MySQL SUM json values grouped by json keys
Asked Answered
T

4

5

Is it possible to calculate sum of json values grouped by json keys?

Mysql version is 5.7.17 on Google cloud sql.

Example_1: A short example of my point:

col1 | col2
-----|-----------------------
aaa  | {"key1": 1, "key2": 3}
-----|-----------------------
bbb  | {"key1": 0, "key2": 2}
-----|-----------------------
aaa  | {"key1": 50, "key2": 0}

SQL query should produce:

col1 | col2
-----|-----------------------
aaa  | {"key1": 51, "key2": 3}
-----|-----------------------
bbb  | {"key1": 0, "key2": 2}

OR

will it be possible with any of the below schema?

Example_2:

col1 | col2
-----|-----------------------
aaa  | {{"key_name" : "key1", "key_value" : 1}, {"key_name" : "key2", "key_value" : 3}}
-----|-----------------------
bbb  | {{"key_name" : "key1", "key_value" : 0}, {"key_name" : "key2", "key_value" : 2}}
-----|-----------------------
aaa  | {{"key_name" : "key1", "key_value" : 50}, {"key_name" : "key2", "key_value" : 0}}

Example_3:

col1 | col2
-----|-----------------------
aaa  | [{"key_name" : "key1", "key_value" : 1}, {"key_name" : "key2", "key_value" : 3}]
-----|-----------------------
bbb  | [{"key_name" : "key1", "key_value" : 0}, {"key_name" : "key2", "key_value" : 2}]
-----|-----------------------
aaa  | [{"key_name" : "key1", "key_value" : 50}, {"key_name" : "key2", "key_value" : 0}]

Example_4:

col1 | col2
-----|-----------------------
aaa  | {"key1": {"key_name" : "key1", "key_value" : 1}, "key2": {"key_name" : "key2", "key_value" : 3}}
-----|-----------------------
bbb  | {"key1": {"key_name" : "key1", "key_value" : 0}, "key2": {"key_name" : "key2", "key_value" : 2}}
-----|-----------------------
aaa  | {"key1": {"key_name" : "key1", "key_value" : 50}, "key2": {"key_name" : "key2", "key_value" : 0}}
Towbin answered 14/1, 2017 at 12:58 Comment(4)
Have you got any solutions for this ?Mutilate
I would start by abandoning JSON; put the key:value pairs in an EAV schema. Then the SQL is trivial.Kilogram
Team, Please dont limit yourself by not exploring the new concepts. I like json support in mysql which has tremendous values and want to explore all the possibilities. So please dont give traditional group by option as answers.Mutilate
@wchiquito could you please help here ..?Mutilate
C
1

I believe that something like this could work.
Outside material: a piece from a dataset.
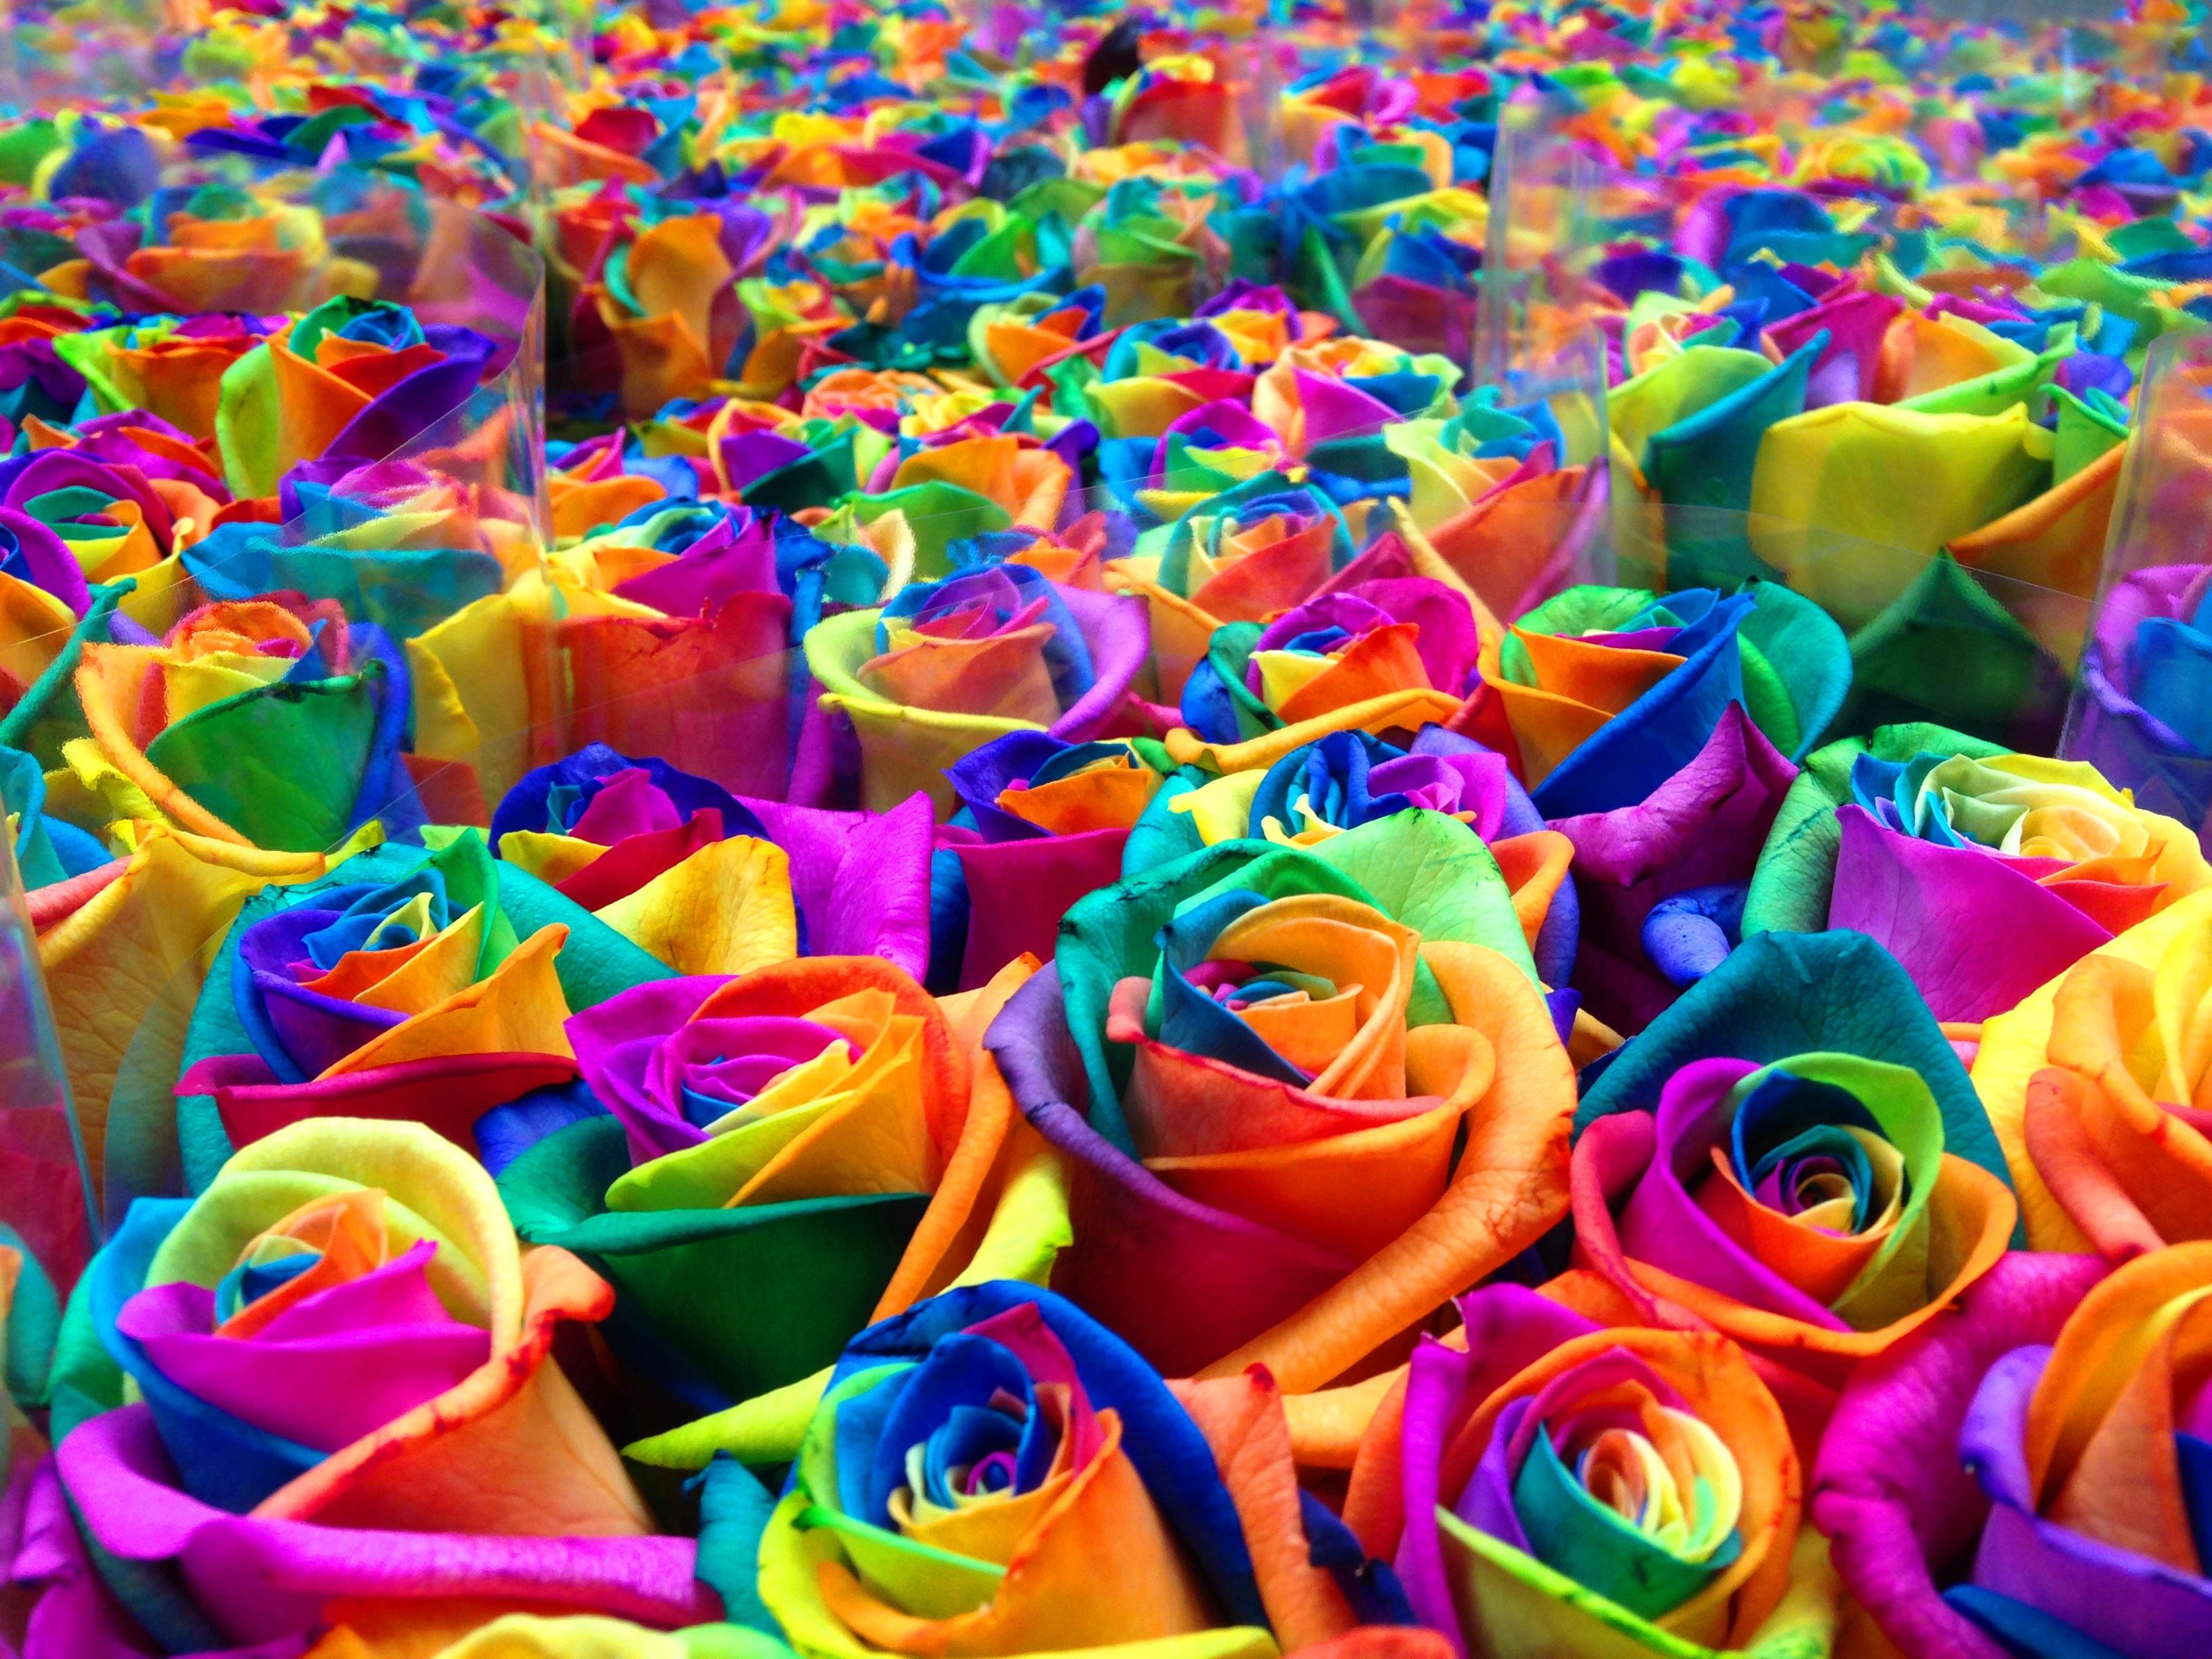 Geverfde rozen rodewijk rozen - Kleur idee voor het leven ...

SELECT SUM(col2->>"$.key1"), SUM(col2->>"$.key2") FROM your_table GROUP BY col1
Chobot answered 26/10, 2017 at 12:38 Comment(1)
But I should know the keys that exists to prepare the query :(Mutilate
G
1

TL;DR: yes, it can be done without knowing the key names in advance, and none of the alternate data formats has any advantage over the original.

This can be done without knowing the key names in advance but it is painful... basically you have to look at every value in the table to determine the set of distinct keys in the table before you can sum them. Because of this requirement, and the fact that the alternate data formats can all have multiple keys per entry, there is no advantage to using any of them.

Since you have to look for all the distinct keys, it is as easy to do the sums while you are looking for them. This function and procedure together will do that. The function, json_merge_sum, takes two JSON values and merges them, summing the values where a key appears in both values e.g.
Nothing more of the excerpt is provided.